I remember enough price changes over the last year to know that they only ever went up by 1-3p at a time, not 12p in a week. I've been following the prices fairly closely over the last year due to my car finance being up, and needing to work out what I wanted to do. The 12p hike hit me, because I'd literally just got a new car 2 days before we left and the fuel tank was empty, I remember the prices when we left and what they were when we got back quite vividly as a result.
I suspect we're starting to argue about different things, I'm not talking about gradual increasing of prices via wholesale increases and the occasional drops, I'm talking about just one little blip a little over a month ago, which wasn't caused by supply, but demand (and yes supply could be factored in if you say demand outstripped supply), garages instantly raising their prices to increase their profit, and only just decreasing them some weeks on. Yes some garages will have run out of petrol and so for 24 hours would have lost business, but they were all restocked very quickly down here. It will be interesting to see what the wholesale prices were just before "the event", during, and after, up till now to see if they at all reflect this price change.
Quote from: Dave on May 19, 2012, 14:14:29 PM
Quote from: Bacon on May 17, 2012, 15:31:57 PM
It was hardly selective memory on Zpyder's part.
A quick look around at the time and many websites/papers were reporting price hikes due to profiteering, it was announced that everyone should panic buy and garage forecourts started bumping their prices, and funnily enough others kept the prices the same, so how do you figure that out, were those that kept prices the same selling at a loss?
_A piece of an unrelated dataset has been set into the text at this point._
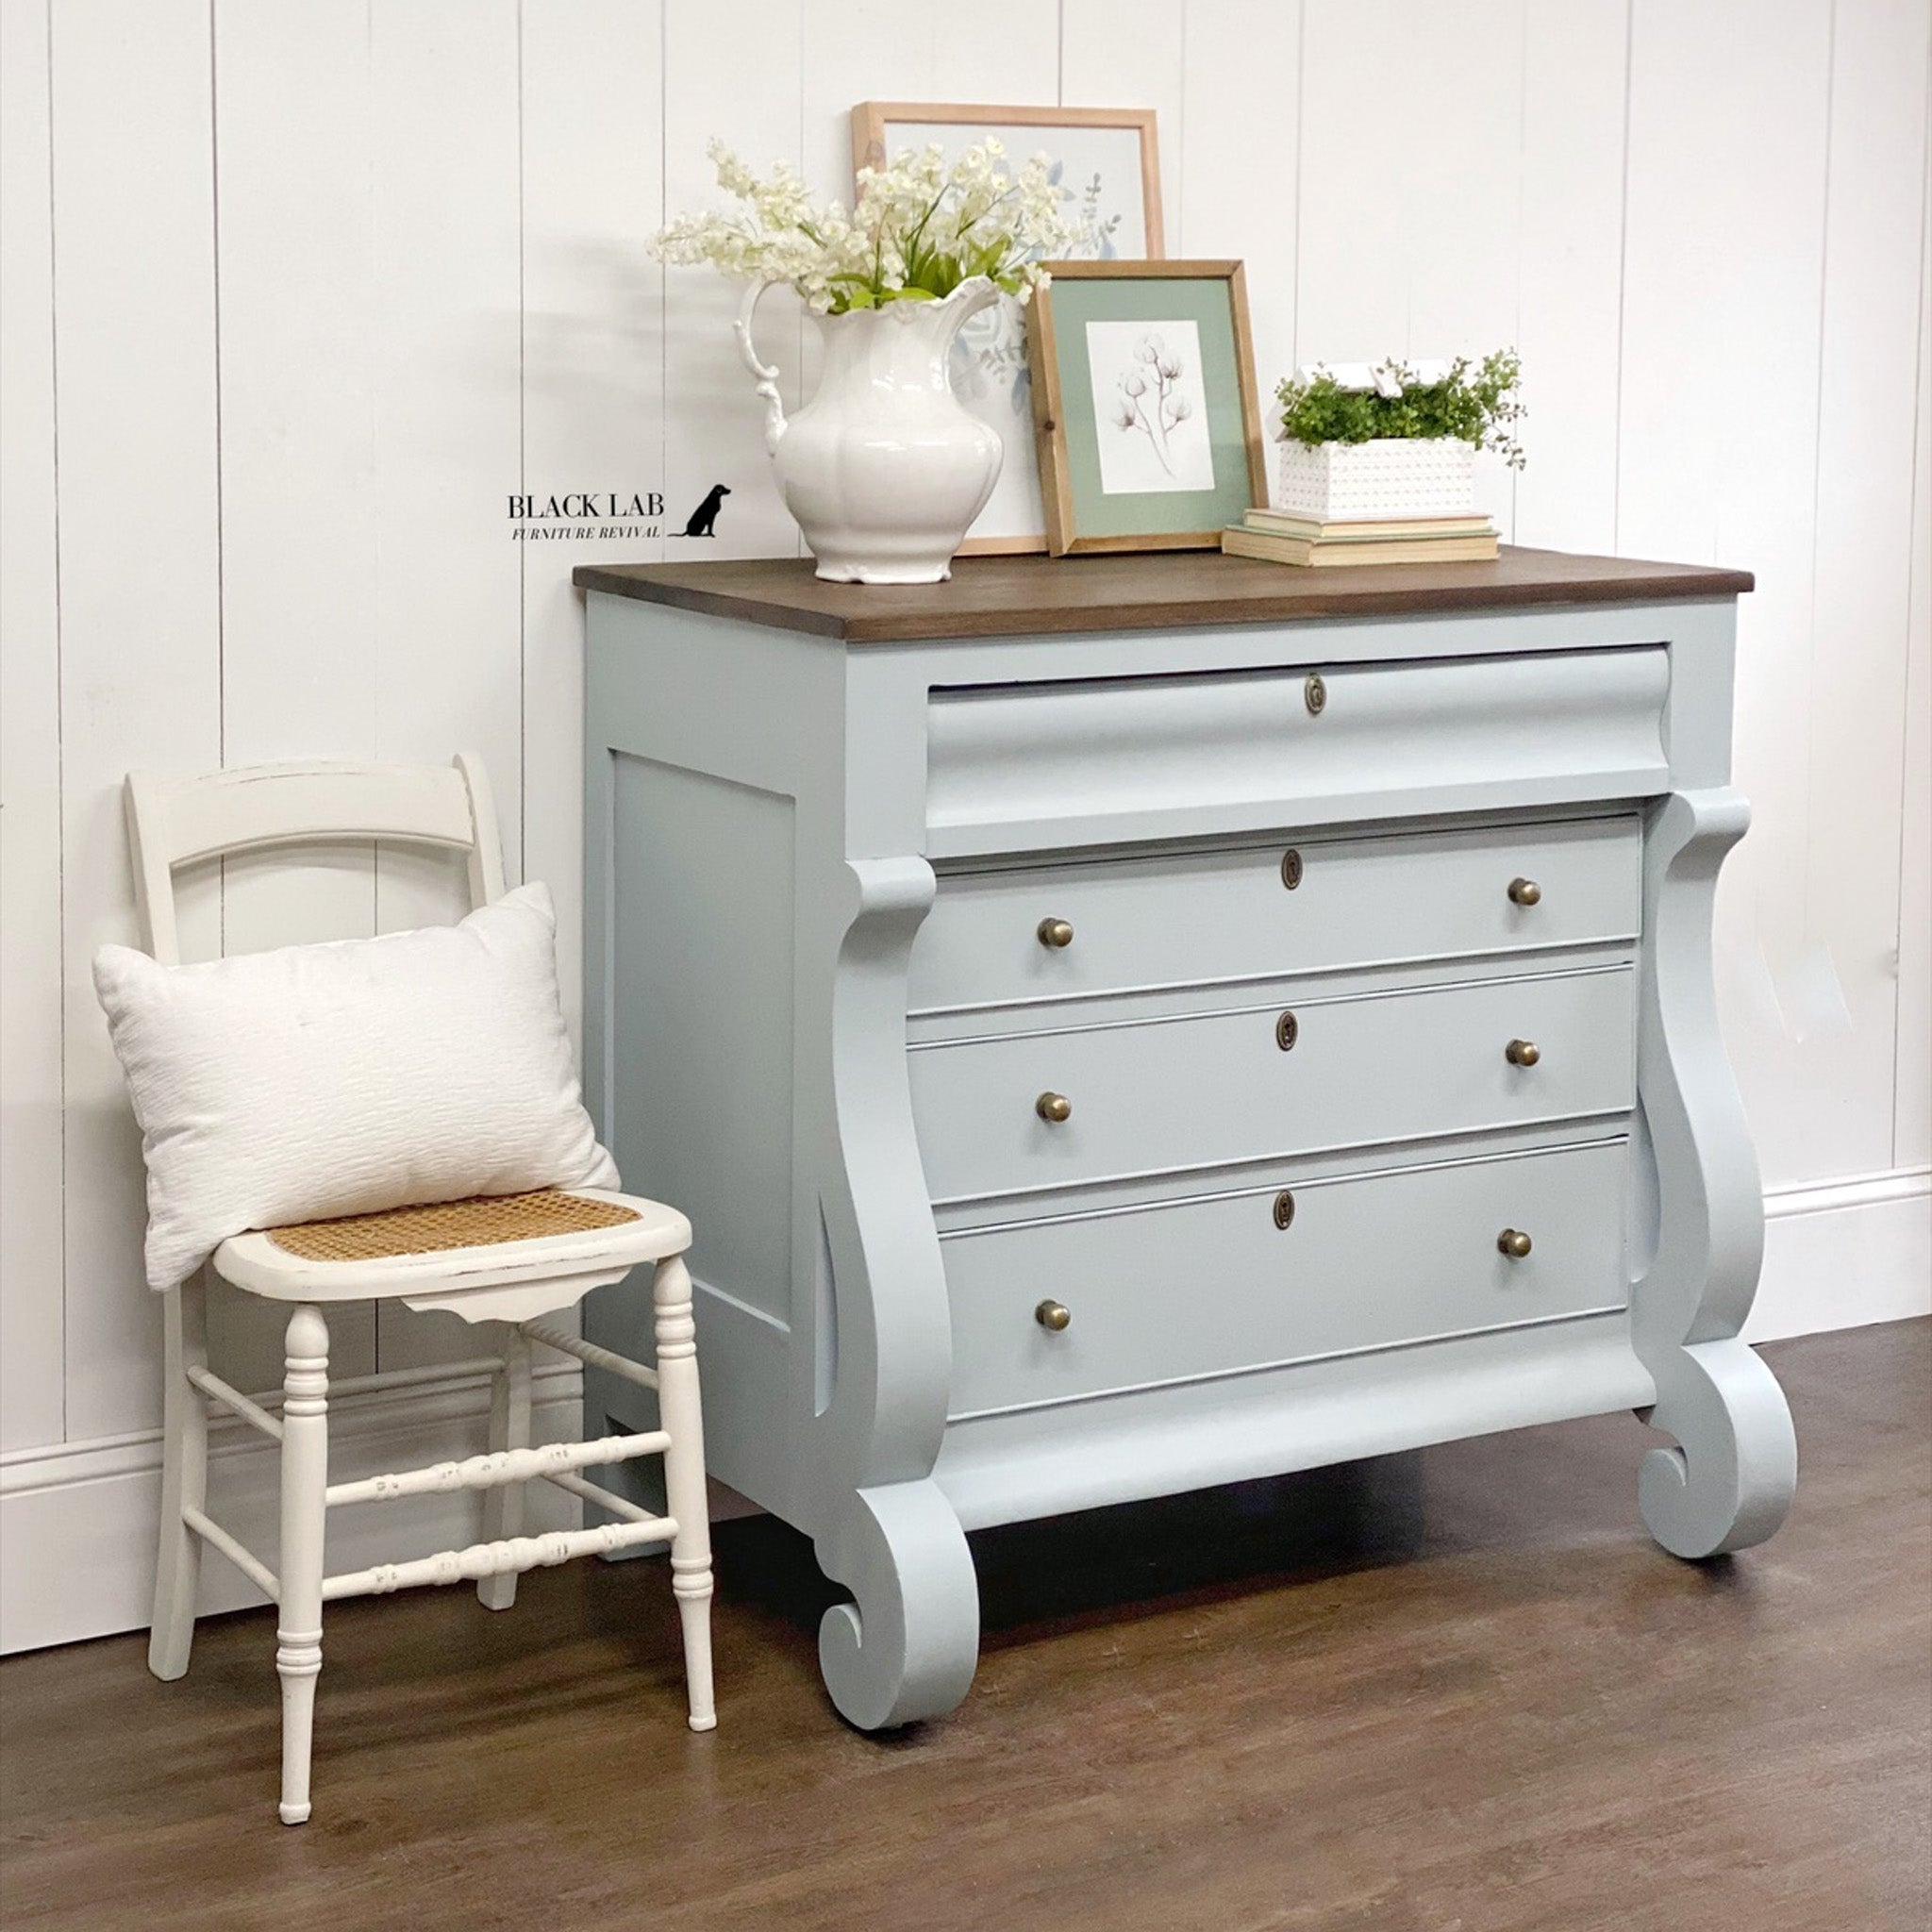 A vintage 4-drawer dresser refurbished by Black Lab Furniture Revival is painted in Dixie Belle's Savannah Mist chalk mineral paint and has a natural wood top.

well it is really... does he remember all the individual price changes throughout the year or just the sudden ones that affect him in a negative way...
looking at the actual figures rather than relying on opinions/selective memories of prices being hiked shows its a low margin business
if you're continually selling a product and the wholesale prices rises then you'll raise your prices at the retail end... tis silly not to - so yes they'll have made a larger margin, temporarily, on the product they have but they'll be paying more for subsequent deliveries. Conversely as prices start falling their margins can get squeezed. Overall the next effect of this is a low margin business. I'm more than happy to be proved wrong if anyone wants to visit this thread later and post the 2012 figures... but I'd find it highly unlikely that they're much different to the 2011 figures I've already posted.
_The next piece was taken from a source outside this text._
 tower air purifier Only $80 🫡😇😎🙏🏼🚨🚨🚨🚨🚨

@Clock'd 0Ne - the saturation of garages is only going to further increase competition and keep margins down. Sure there's always demand for fuel but there isn't much room to adjust prices.
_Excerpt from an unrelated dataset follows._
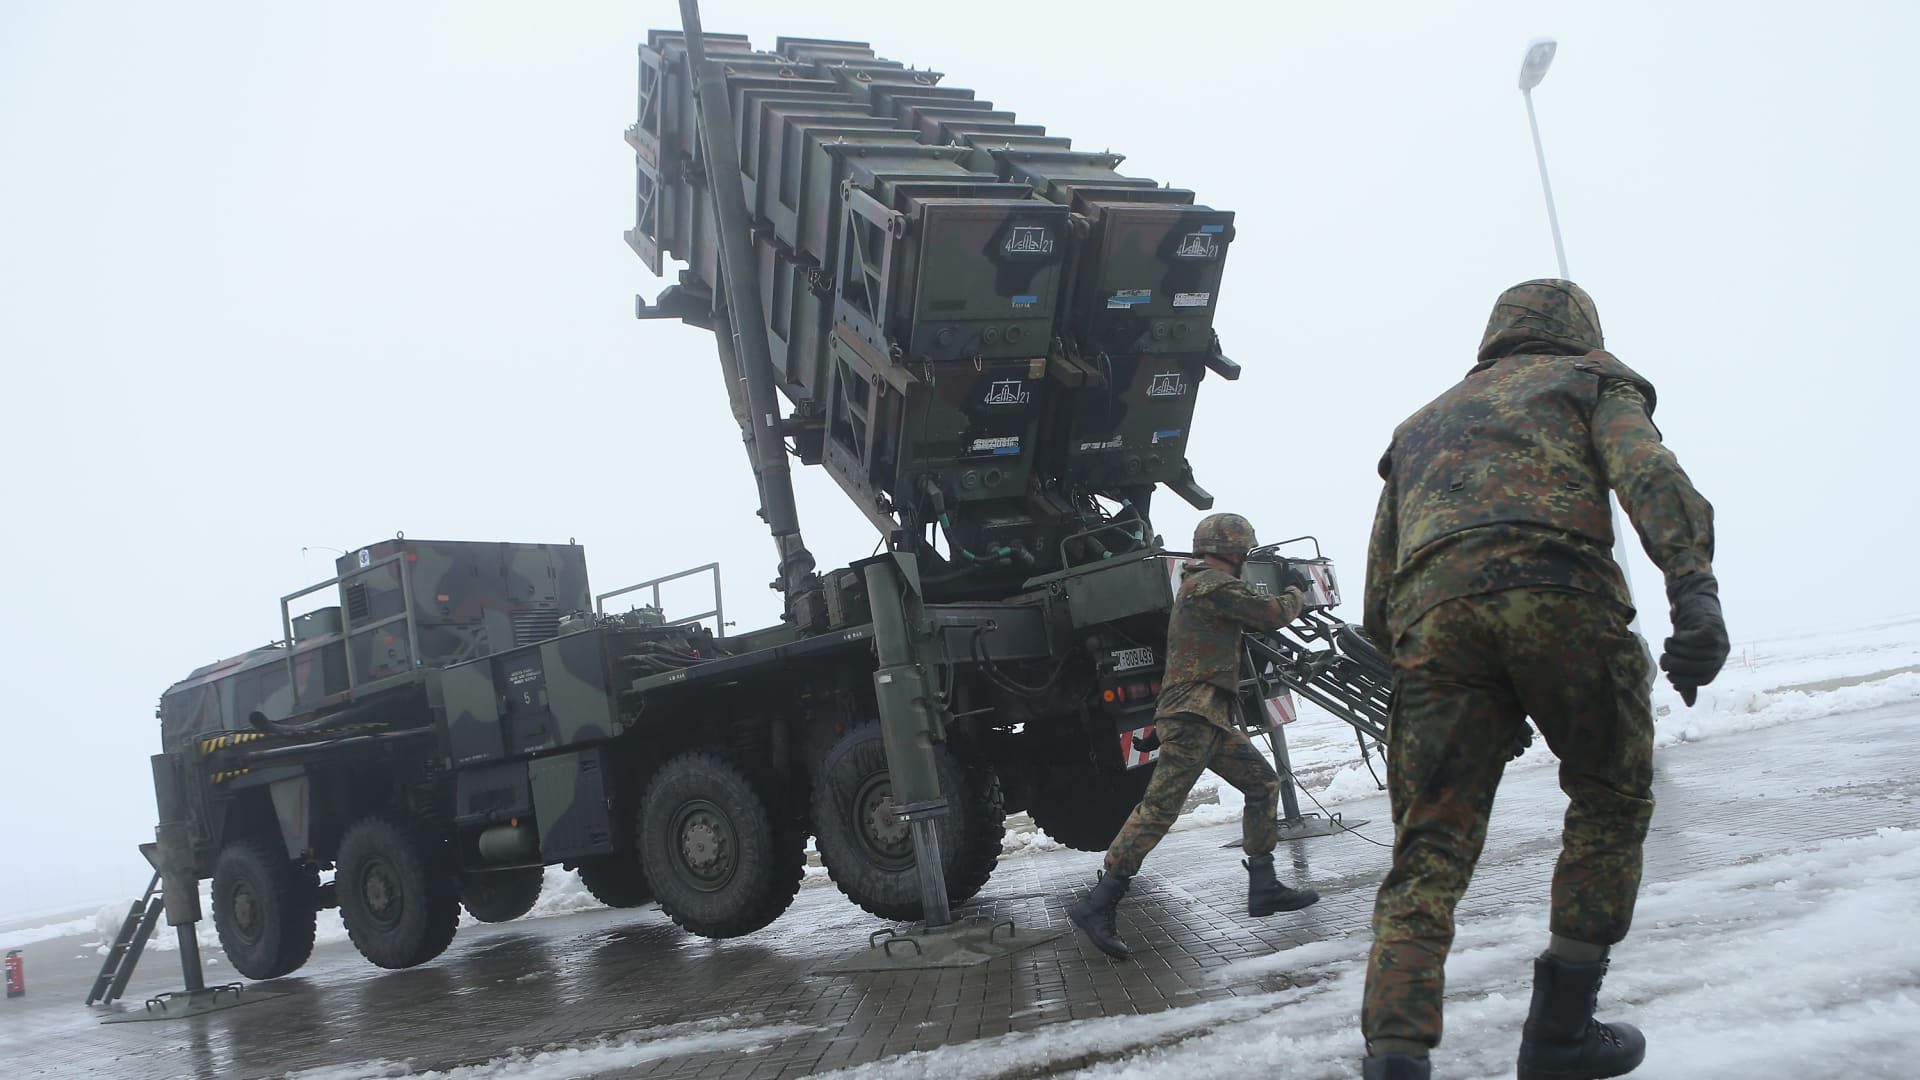 Members of the German Bundeswehr prepare a Patriot missile launching system during a press day presentation at the Luftwaffe Warbelow training center on December 18, 2012 in Warbelow, Germany.

You still didn't answer my question Dave.
Some of us are on the road daily, i myself was doing 1500+ miles a week at that point, do you know how often i fill up and how many garages i see on my daily route? And you were where, sat in an office? :dunno:
Quote from: addictweb on May 18, 2012, 19:47:52 PM
Quote from: Eggtastico on May 18, 2012, 19:20:53 PM
137.7 here
137.9 at teso + clubcard points
I'm surprised at that ...
Quote from: http://your.asda.com/news-and-blogs/we-re-cutting-another-2p-off-the-price-of-petrol-and-dieselFrom tomorrow you'll pay no more than 132.7p for a litre of unleaded and 137.7p per litre of diesel at any of our 196 Asda filling stations. It means we've been able to reduce the price of fuel by 8p in the last four weeks.